**Task to carry out:**
Keeping every word the same, give again only the lines from the one with "Forum-AquiDoc-2019-Stand-ANDès" through the end of the data, both included, and leave every picture out.

**Information provided:**
---*---
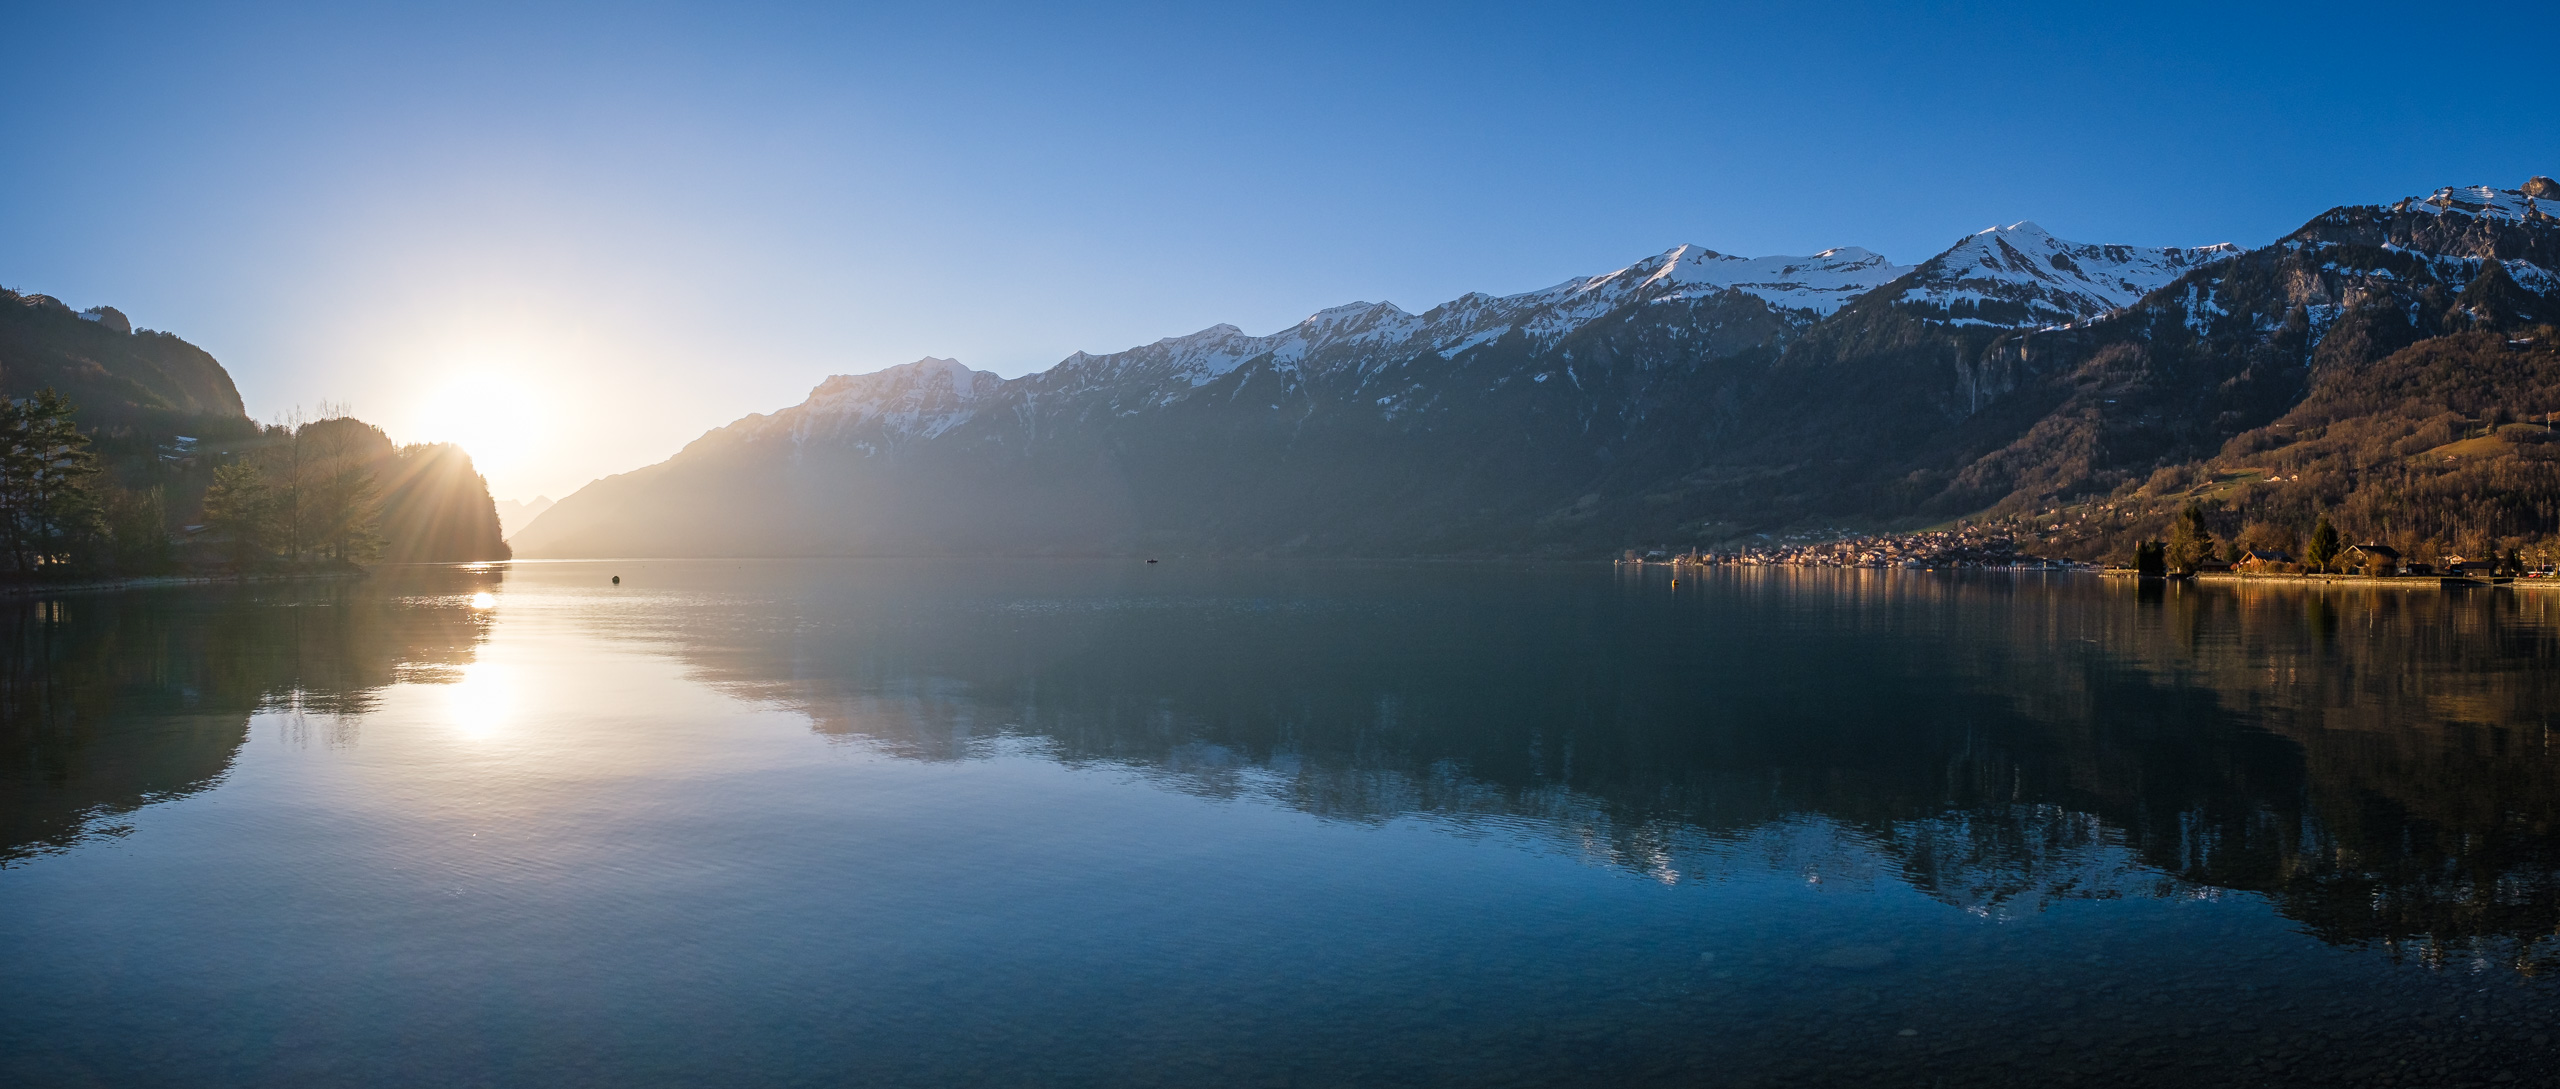 Sunset in Brienz
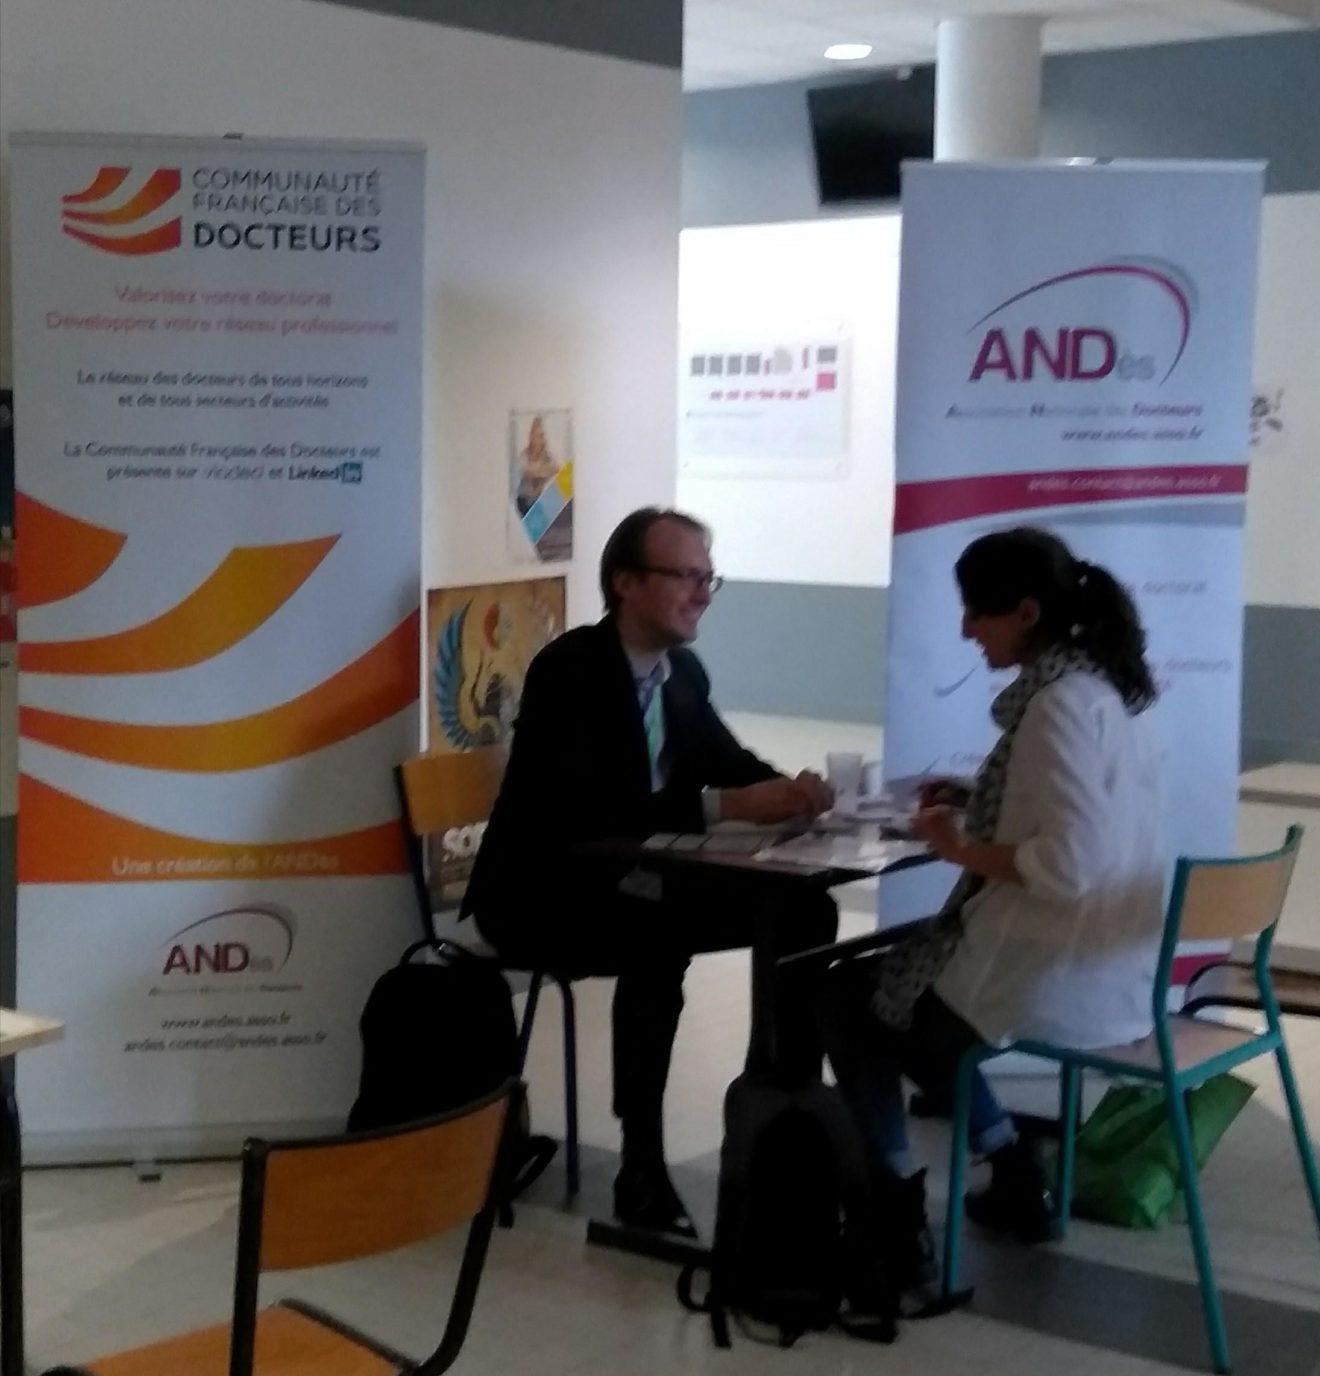 Forum-AquiDoc-2019-Stand-ANDès
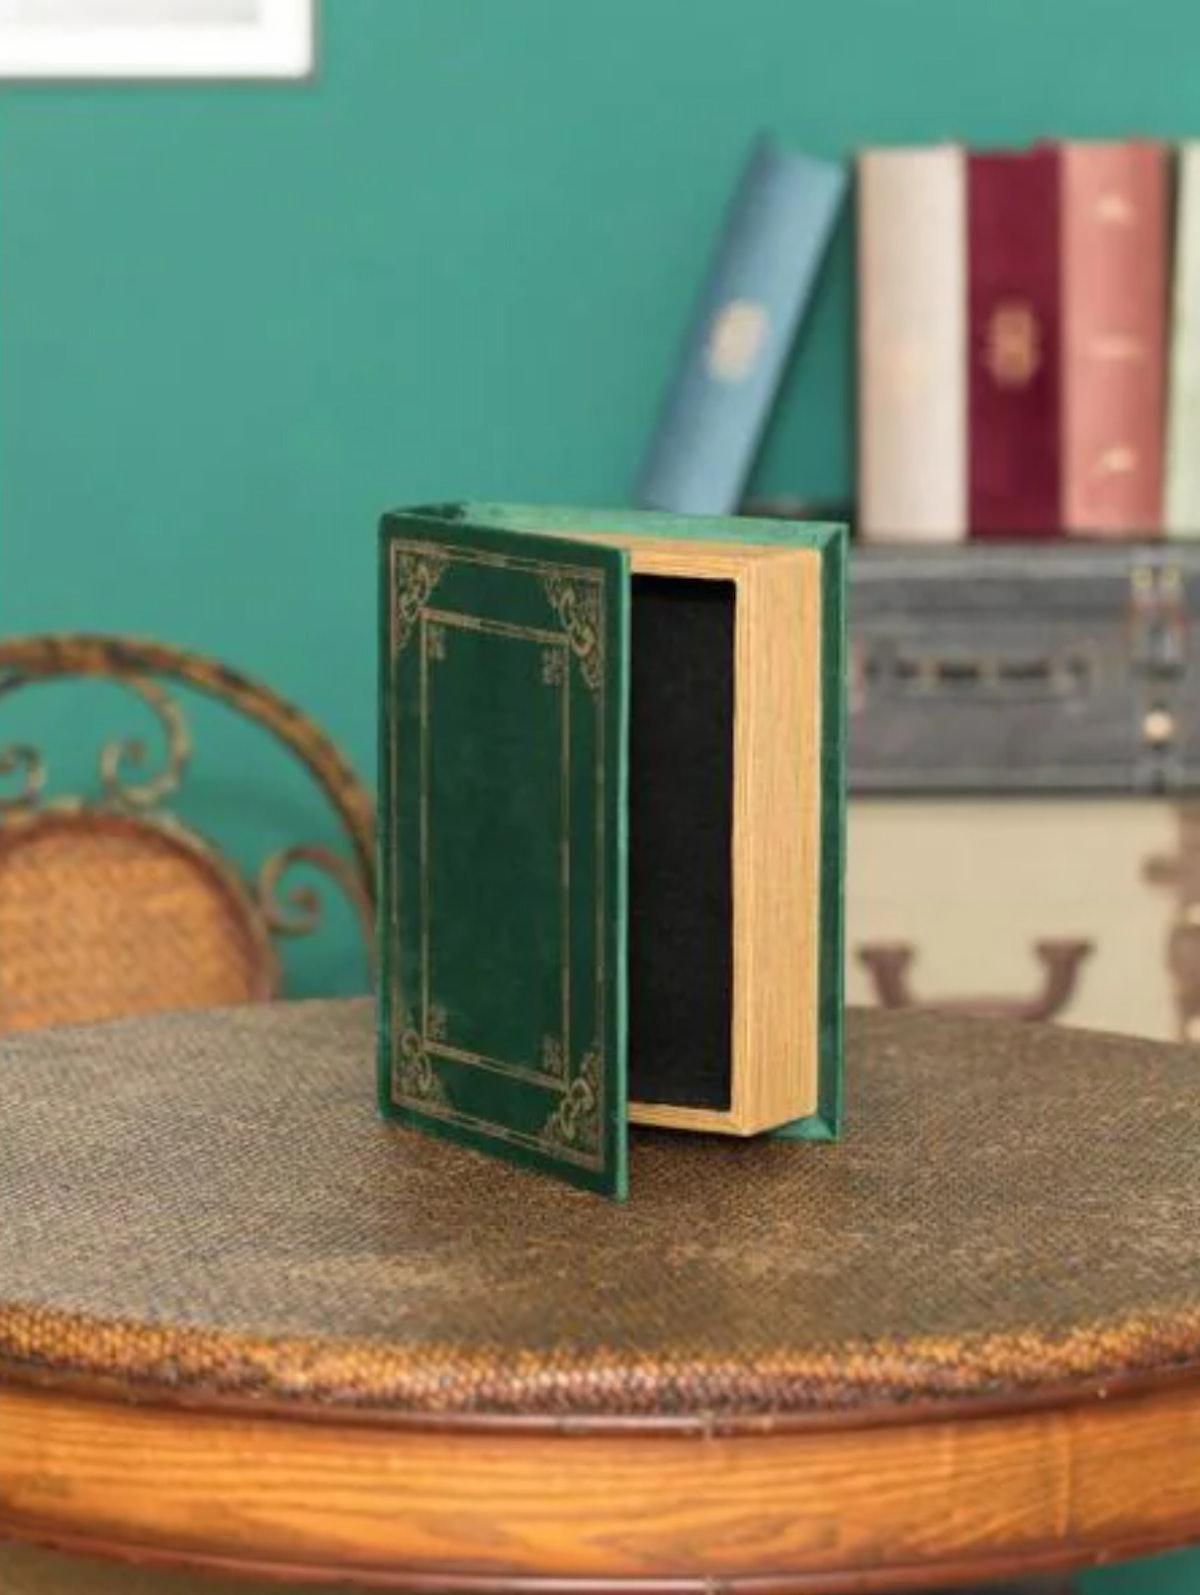 Wooden Vintage Book-Shaped Trinket Storage Box
---*---
**Exercise response:**
 Forum-AquiDoc-2019-Stand-ANDès
 Wooden Vintage Book-Shaped Trinket Storage Box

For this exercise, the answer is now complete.